Atomstroiexport's order book will swell to $20 billion within two years, said chief executive Sergei Shmatko. In 2006, it sealed a two-reactor deal worth $5.4 billion with Bulgaria.

The company has orders for two more VVER-1000s from China and a preliminary accord for four in India, pending a treaty on technology transfer. Vietnam, Indonesia and Thailand may also buy, said Shmatko, a former nuclear-submarine officer.

Russia has pledged support to develop nuclear energy in Namibia, Mongolia and Belarus. The focus on emerging markets is a strength, Shmatko said.

"The contractual rewards are roughly the same in any country where you build now, so why go where there is so much competition?" Shmatko said.

After pursuing the Bushehr reactor project in Iran despite U.S. protests that the country was planning to build an atomic bomb, Russia may tap demand in the Middle East, said Alexander Pikayev, of the Institute of World Economy and International Relations.

Arab nations may also buy fuel at the international enrichment center Russia set up last year in Angarsk, in eastern Siberia, he said.
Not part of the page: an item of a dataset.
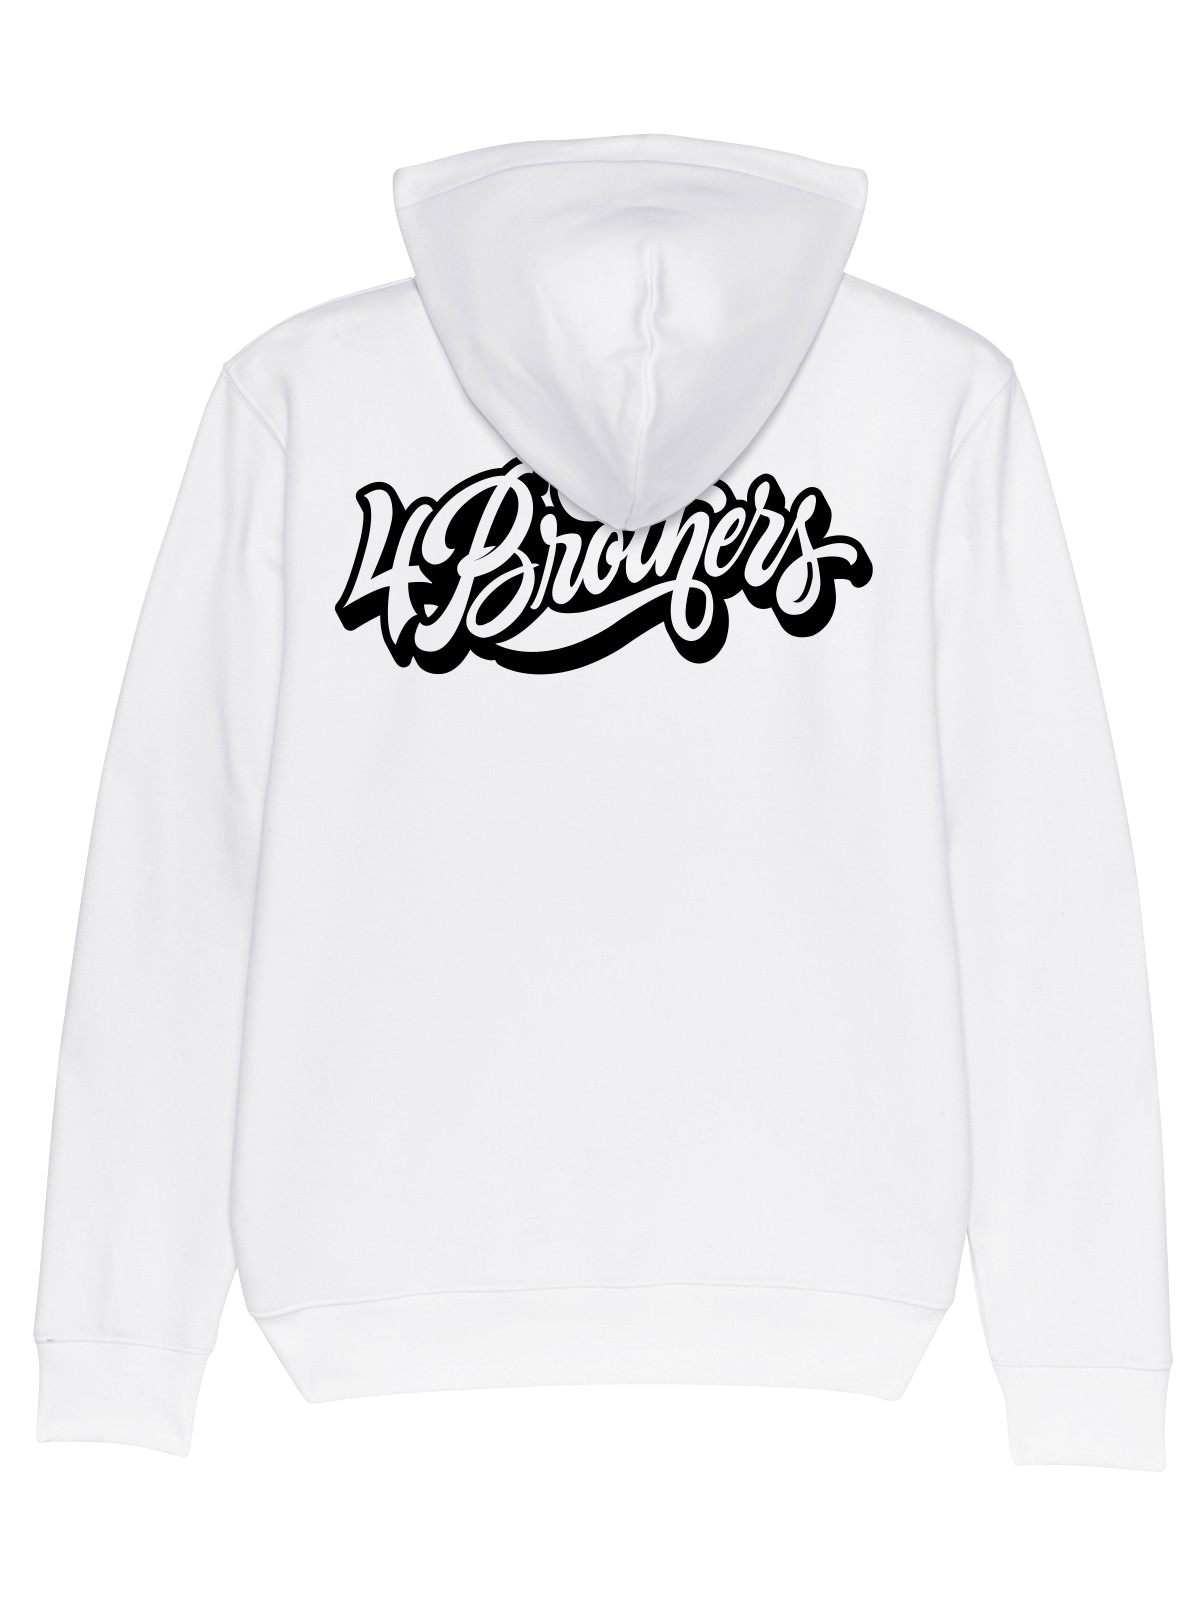 4Brothers Hoodie comic font  Hoody New White 4XL
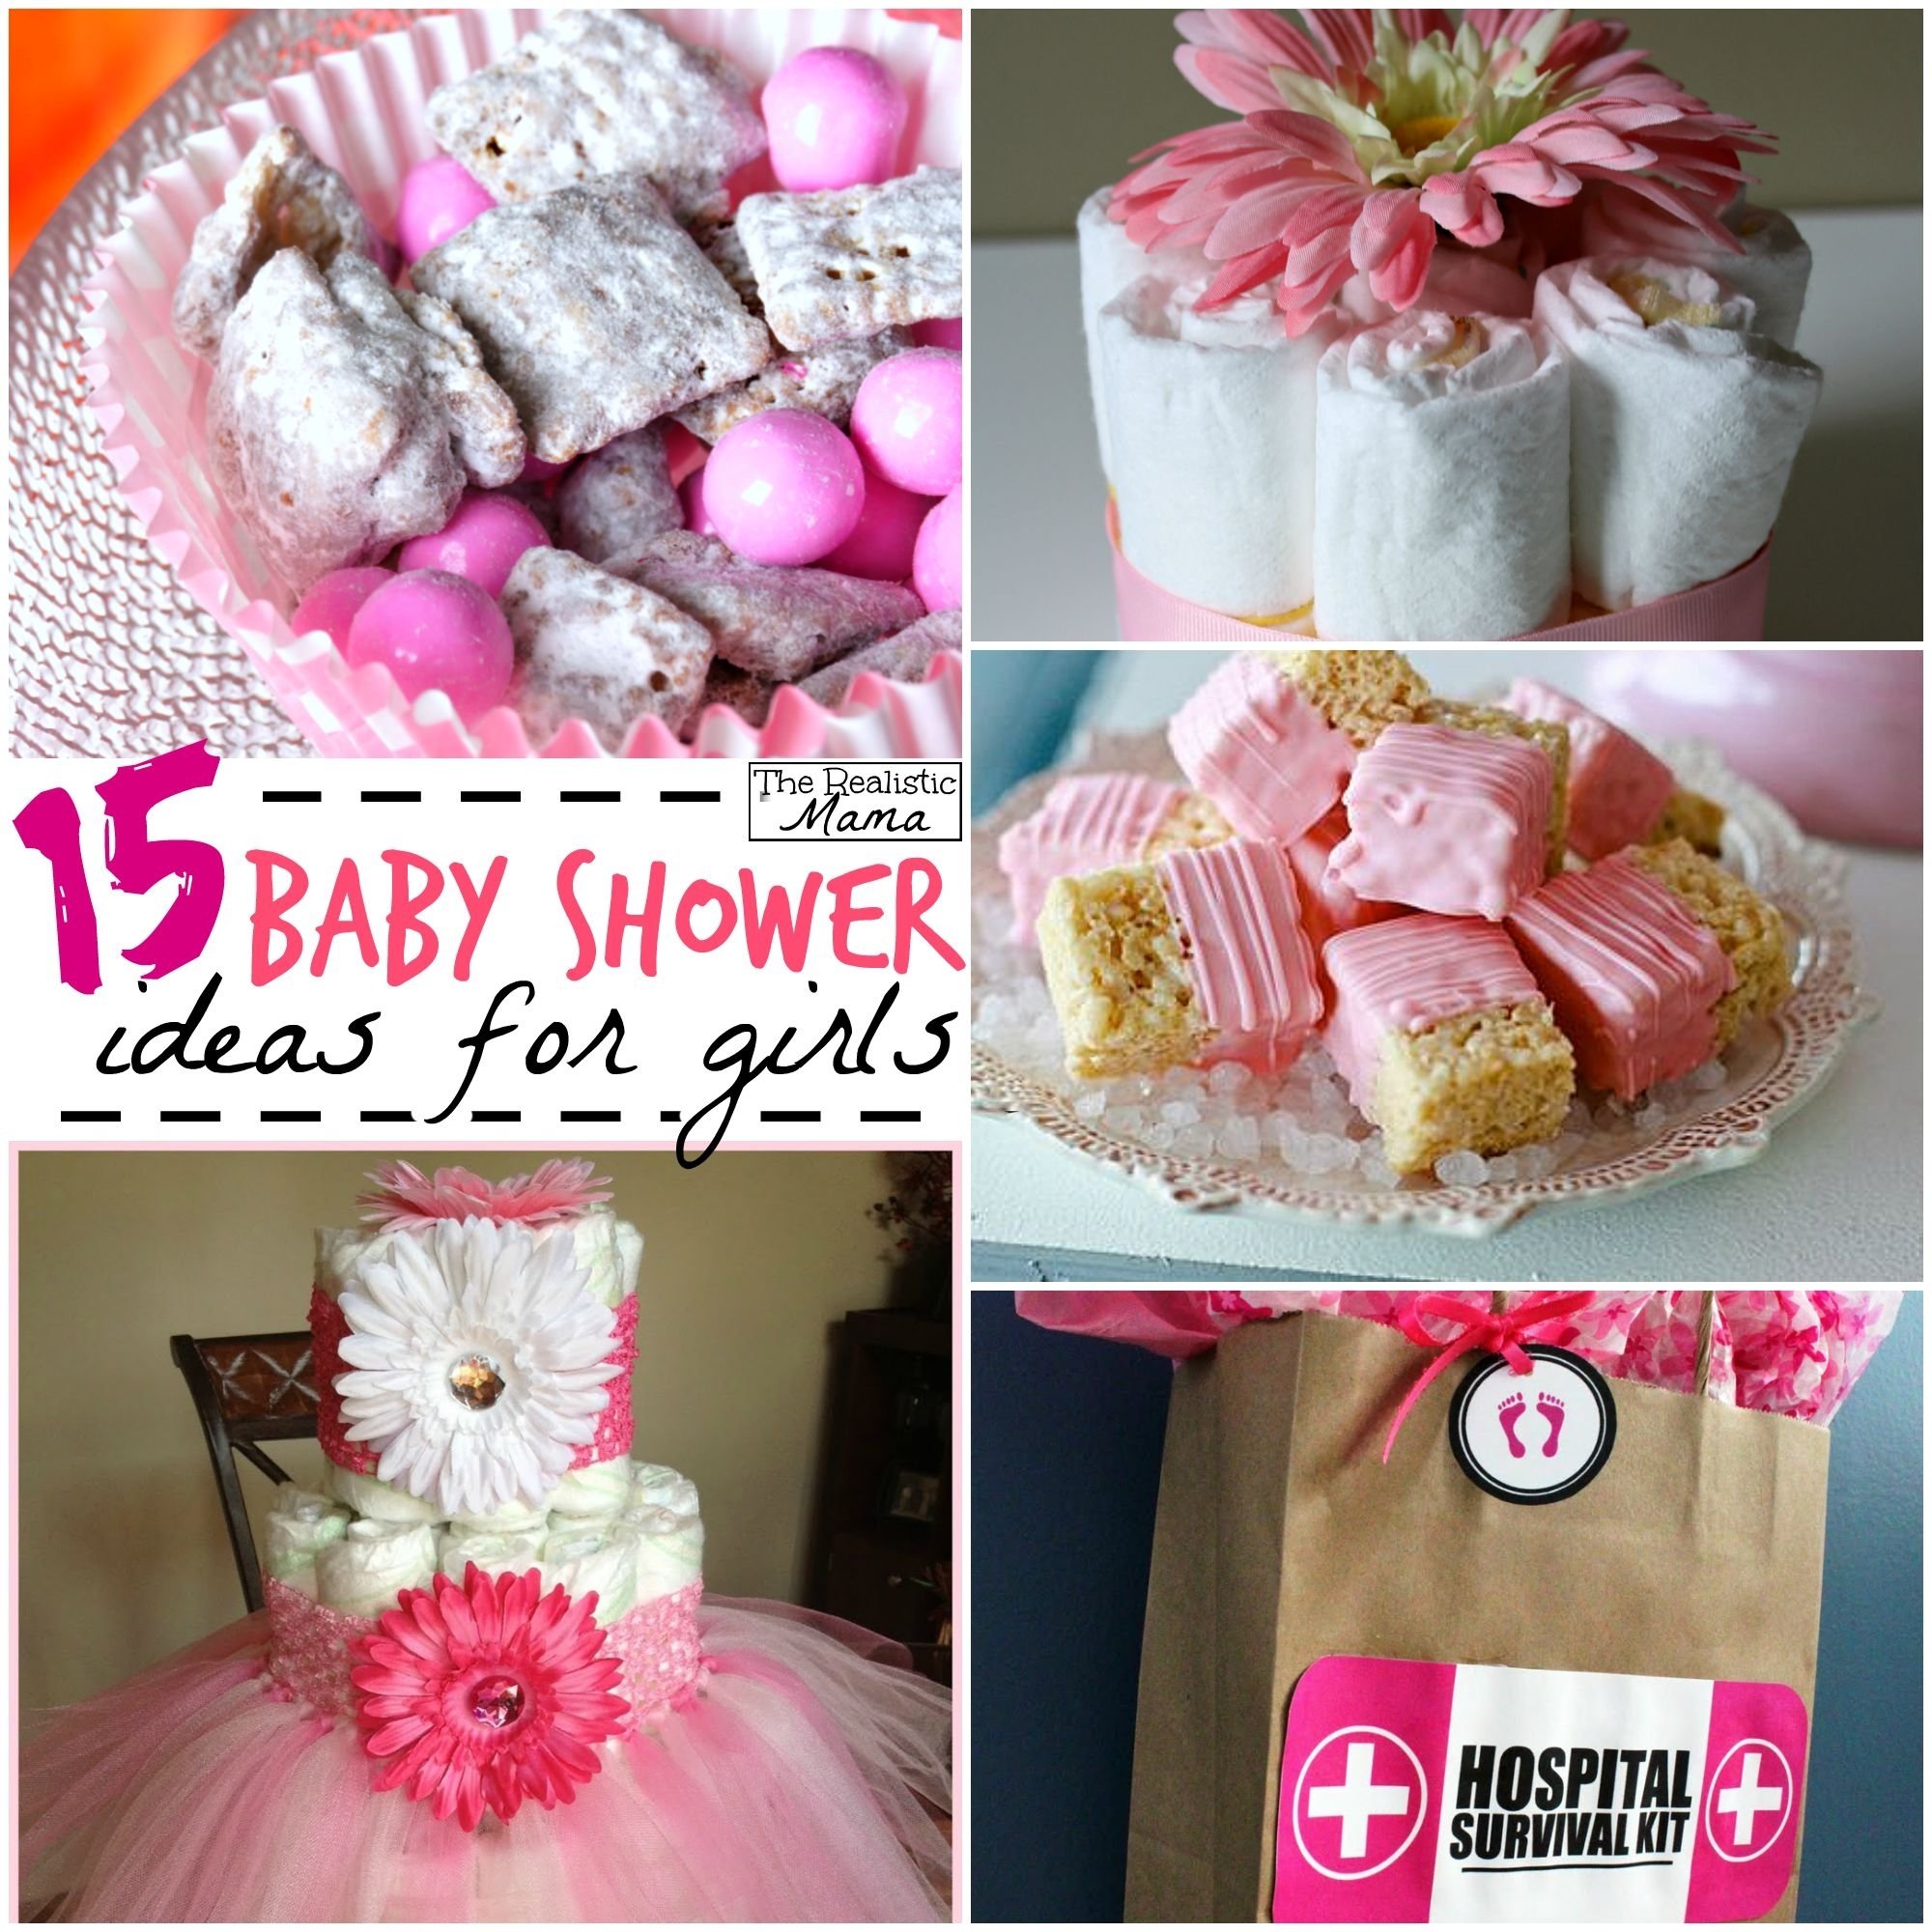 10 Fashionable Baby Girl Baby Shower Ideas 15 baby shower ideas for girls the realistic mama 6 2022

It lets non-nuclear nations enrich uranium under United Nations supervision, alleviating proliferation concerns.

President Vladimir Putin has worked to resurrect the country's atomic industry, code-named the Ministry of Middle Machinery in Soviet times, as a third arm in the country's energy arsenal. Russia is already the world's biggest exporter of natural gas and second in oil behind Saudi Arabia.

The government will spend $27 billion through 2015 to develop atomic power. The industry will raise $32 billion more from sales and investors. Putin said Feb. 14 that Russia is ready to sell stakes in uranium and enrichment companies.

Putin, who's expected to be named prime minister when he's succeeded by Dmitry Medvedev as president in May, set Rosatom the goal of increasing nuclear energy output to as much as 30 percent of power production by 2030 from 16 percent last year. Rosatom started adding two reactors a year in 2007 and aims to accelerate that to three or more annually by about 2012.

"We think it optimal to have 30 percent of Russian energy coming from nuclear plants," said Rosenergoatom's Asmolov. "In terms of economics, in terms of everything."

Asmolov has been charged with retraining the military's nuclear experts and converting defense contractors so they can help with the civilian power push.

In January, Rosatom started operating as a holding company for all of the country's nuclear interests, rather than as a government agency. Within seven years, Rosatom will no longer need financial support from the state, Kiriyenko said.

Rosatom's energy arm includes reactor-operator Rosenergoatom, where Asmolov works, nuclear-gear maker Atomenergomash and reactor builder Atomstroiexport, as well as uranium miners, fuel makers, traders and research institutes.